The definition of shareholder controller is set out in the Insurance Act but generally refers to (1) a person who holds 10% or more of the shares carrying rights to vote at a shareholders' meeting of the registered insurer or its parent company, (2) a person who is entitled to exercise 10% or more of the voting power at any shareholders' meeting of such registered insurer or its parent company or (3) a person who is able to exercise significant influence over the management of the registered insurer or its parent company by virtue of its shareholding or its entitlement to exercise, or control the exercise of, the voting power at any shareholders' meeting.

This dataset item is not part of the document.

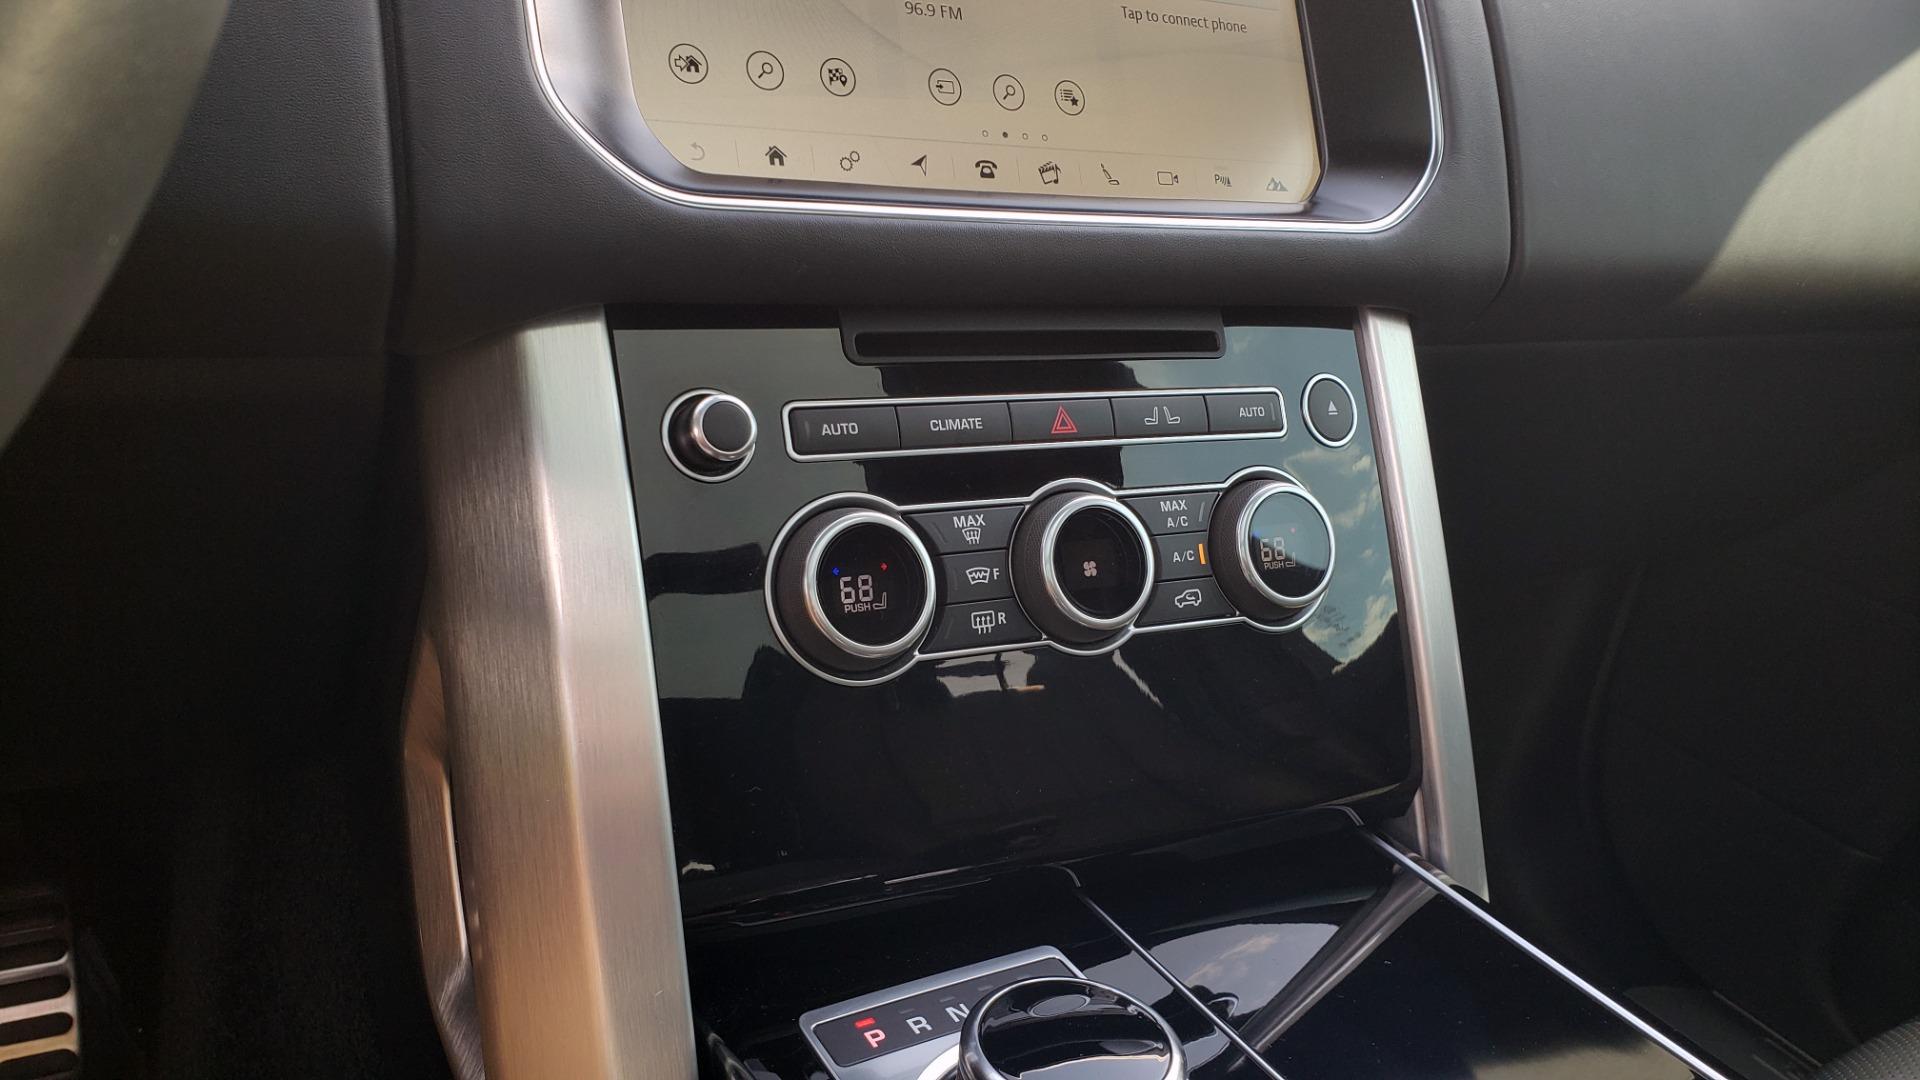 Used 2017 Land Rover RANGE ROVER SC V8 / VISION ASST / DRIVE PKG / MERIDIAN SOUND / PANO-ROOF / NAV / BSM for sale $75,995 at Formula Imports in Charlotte NC 28227 57
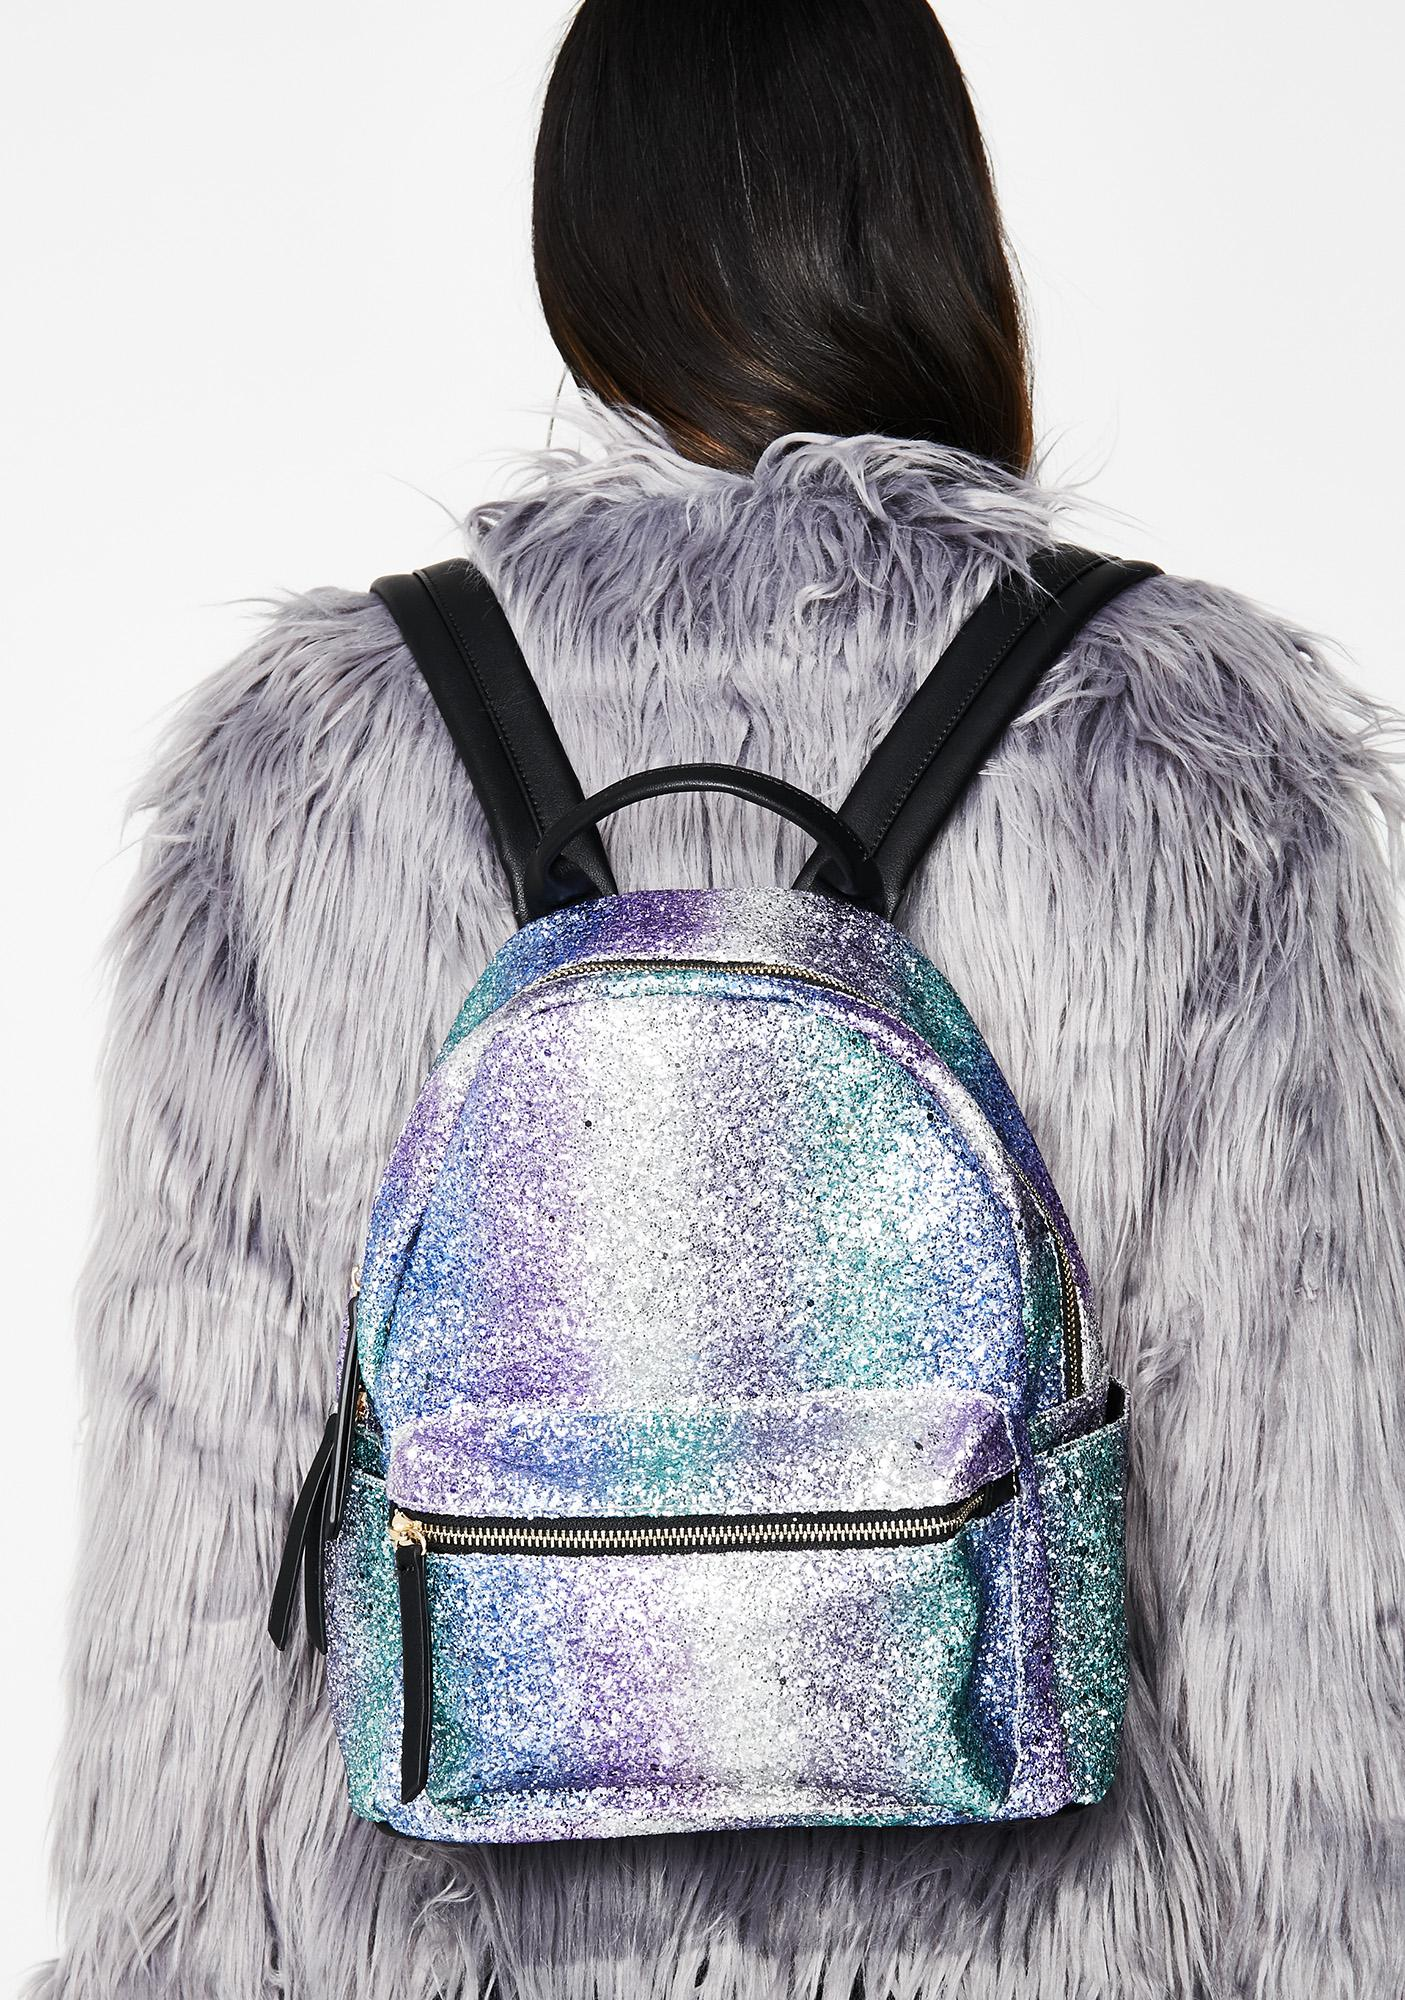 Glitter Other Worldly Backpack

Where the shares of a registered insurer, or the shares of its parent company, are not traded on any recognized stock exchange, no person shall become a 10%, 20%, 33% or 50% shareholder controller of the insurer unless (a) he/she has served on the BMA a notice in writing that he/she intends to become a controller of the insurer and (b) either the BMA has, before the end of a period of 45 days beginning with the date of service of that notice, notified such person in writing that there is no objection to such person becoming such a controlling shareholder. Likewise, no person who is a shareholder controller shall reduce or dispose of his/her holding in the insurer where the proportion of voting rights held by the shareholder controller in the insurer will reach or fall below 10%, 20%, 33% or 50% as the case may be unless that shareholder controller has served on the BMA a notice in writing not later than 45 days of such disposal.

*Material Change.* All registered insurers are required to give the BMA 30 days' notice of their intention to effect a material change within the meaning of the Insurance Act, and shall not take any steps to give effect to a material change unless, before the end of the notice period the registered insurer has been notified by the BMA in writing that it has no objection to such change or the period has lapsed without the BMA issuing a notice of objection.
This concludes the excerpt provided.